Information provided =>

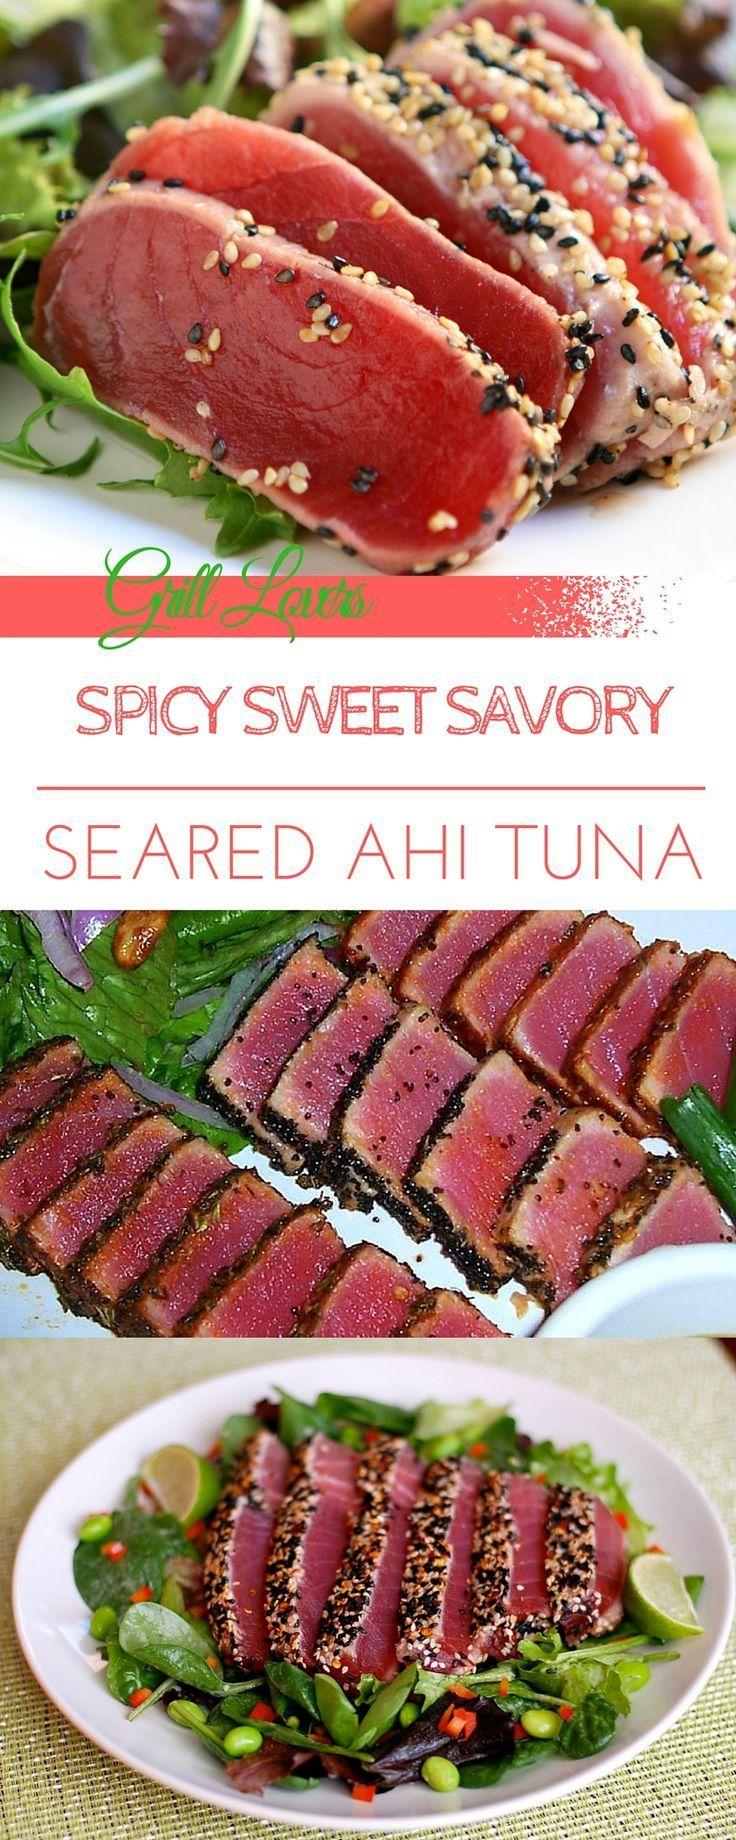 Printgrill Lovers Spicy Sweet Savory Seared Ahi Tuna Recipe Ingredients 2 Lbs Ahi Tuna Steaks 1 4 Cup Soy Sauce 1 4 Cup Honey 1 4 Cup Seared Ahi Tuna Recipe Food Fish Recipes
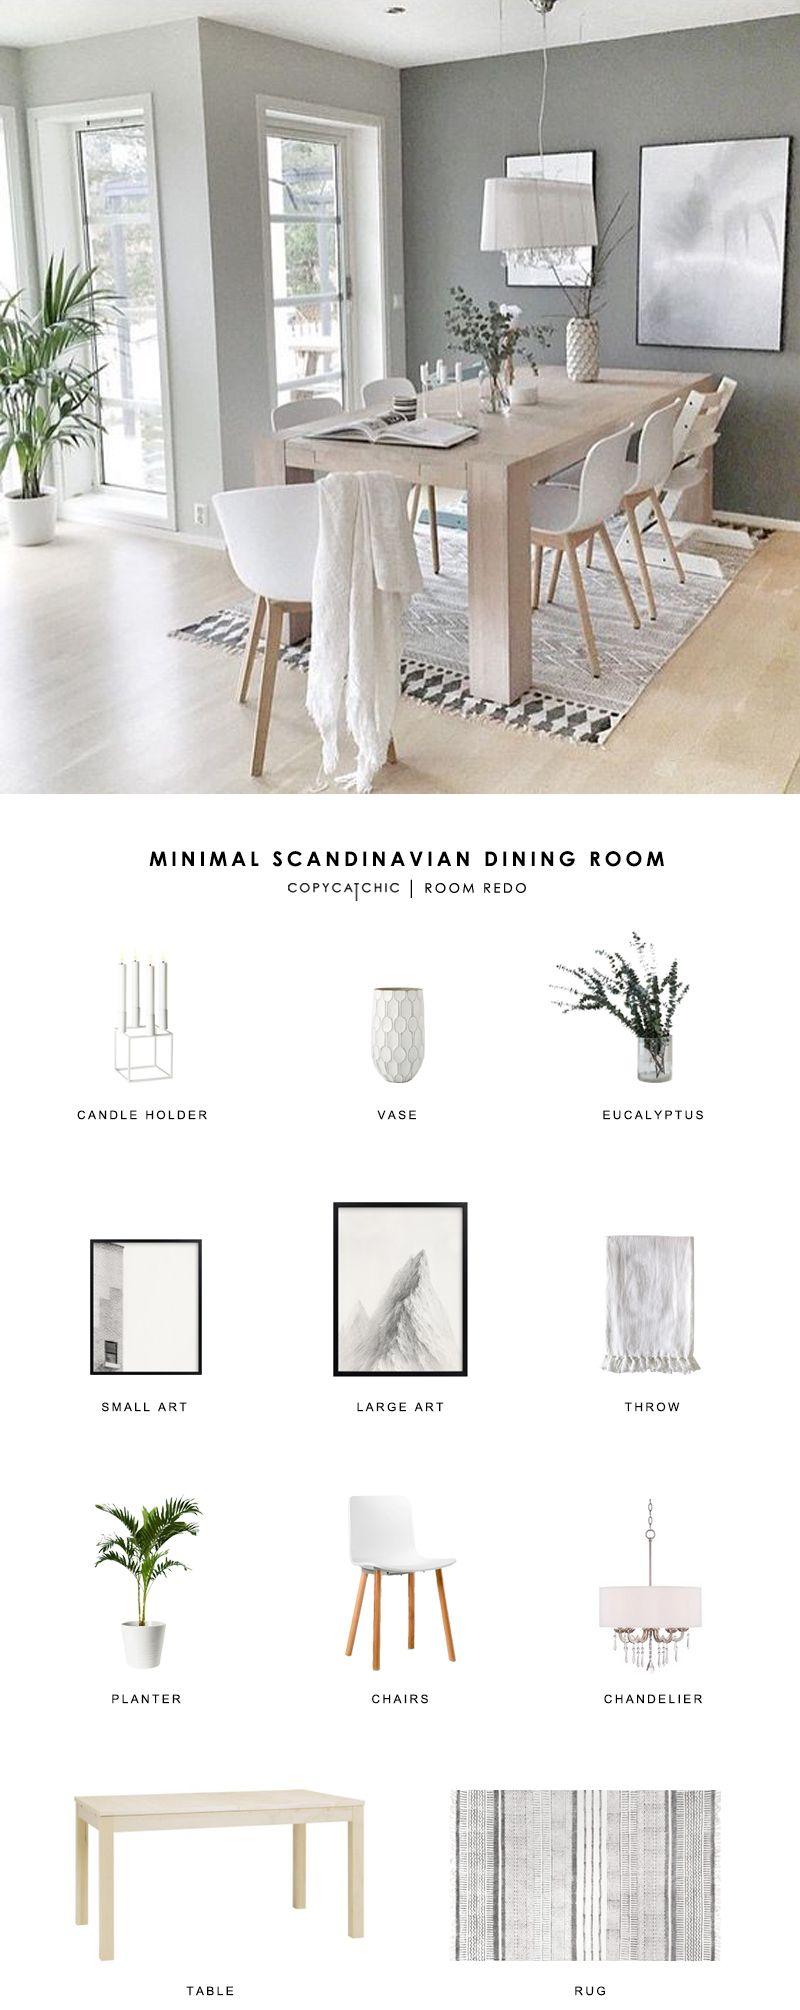 Photo of Copy Cat Chic Room Redo | Minimal Scandinavian Dining Room – copycatchic
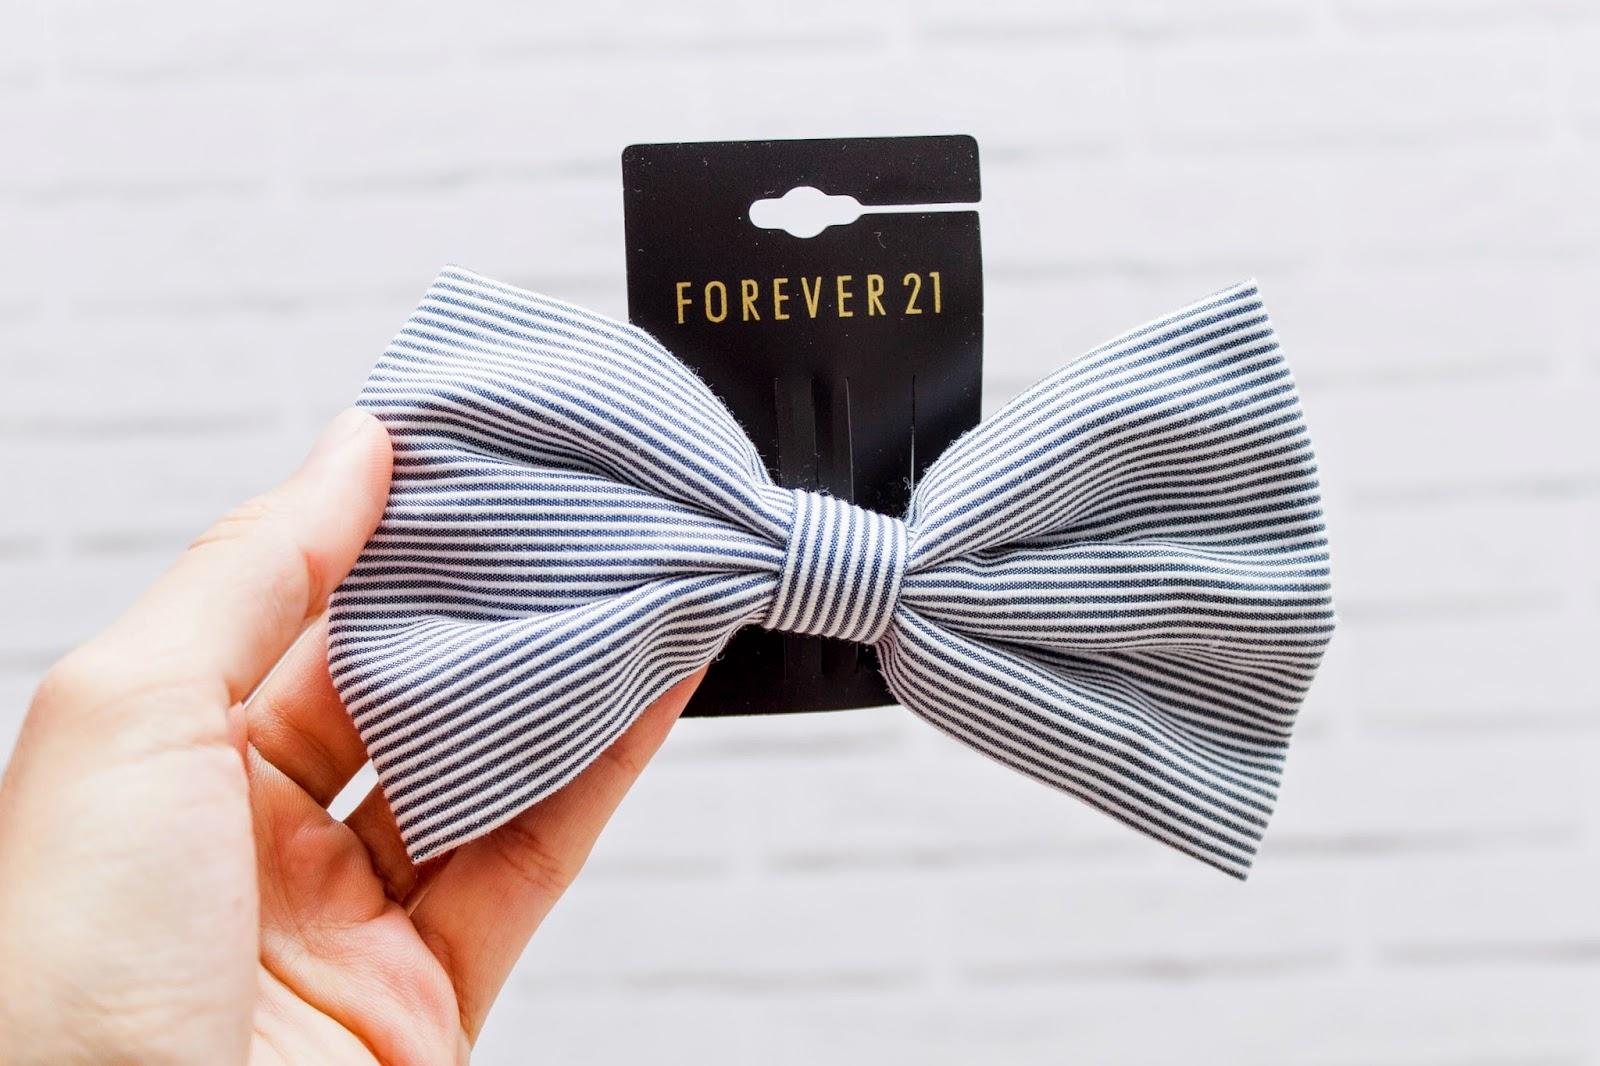 Compras Na Forever 21
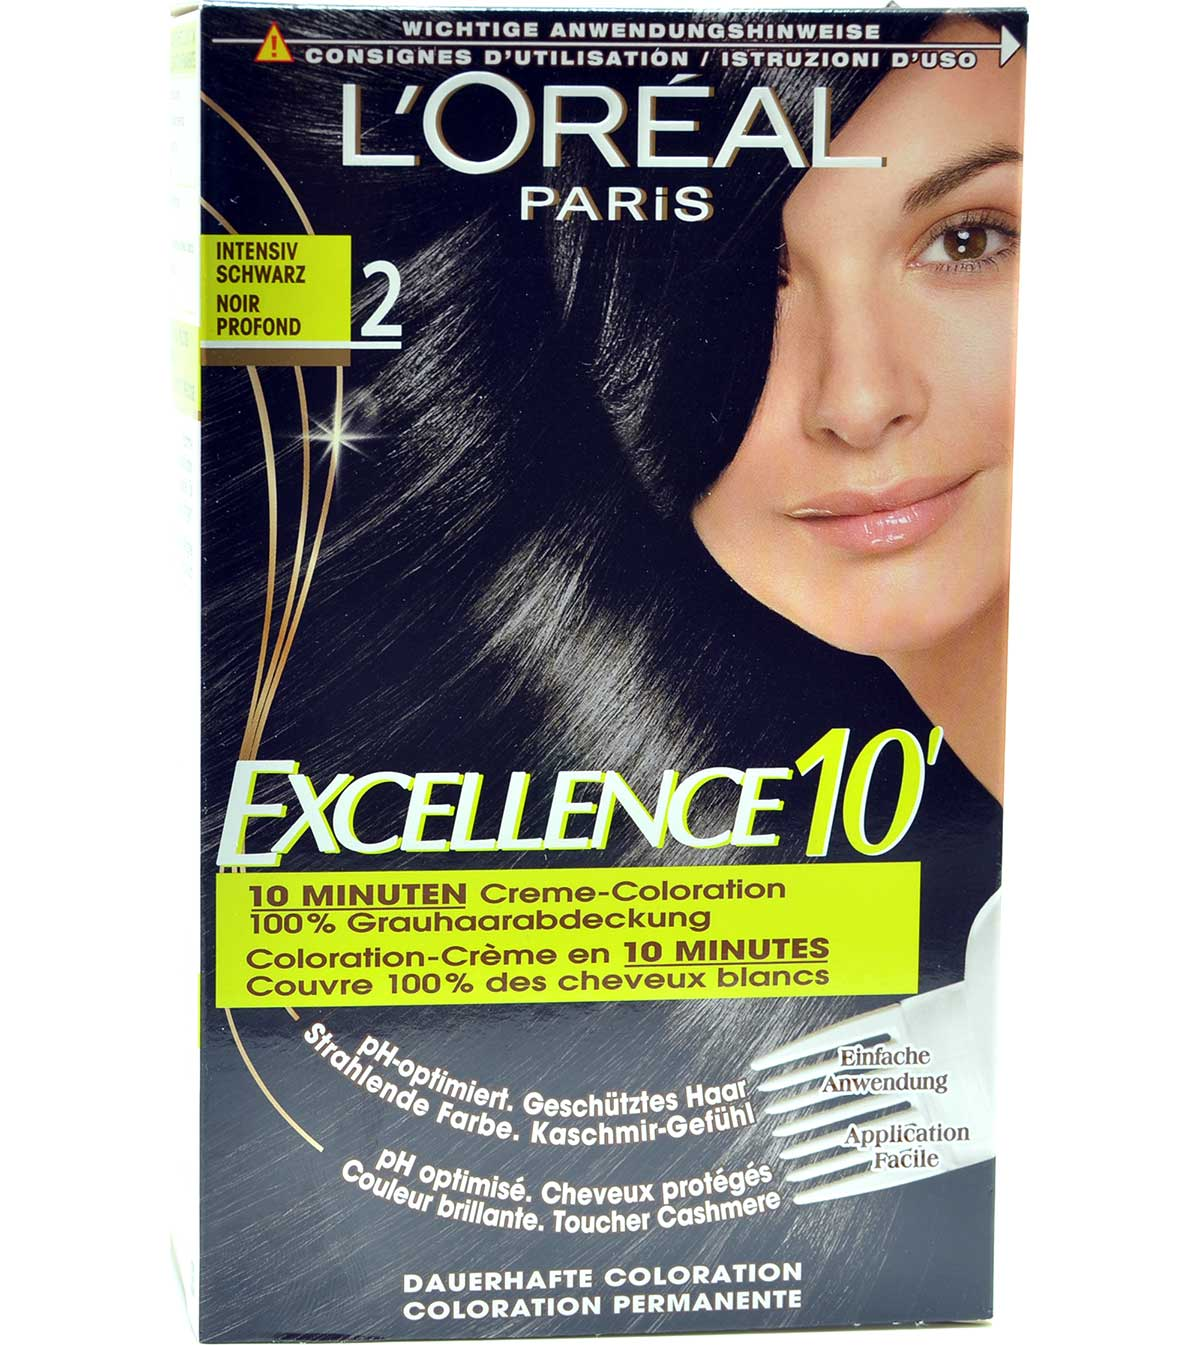 2x loreal excell10 2 0 intensiv schwarz excellence creme haarfarbe - 10 minuten haarfarbe ...

What is required => Pictures excluded, output exactly the line that contains "Compras Na Forever 21" and every line after it to the end of the data above.

Exercise output =>
 Compras Na Forever 21
 2x loreal excell10 2 0 intensiv schwarz excellence creme haarfarbe - 10 minuten haarfarbe ...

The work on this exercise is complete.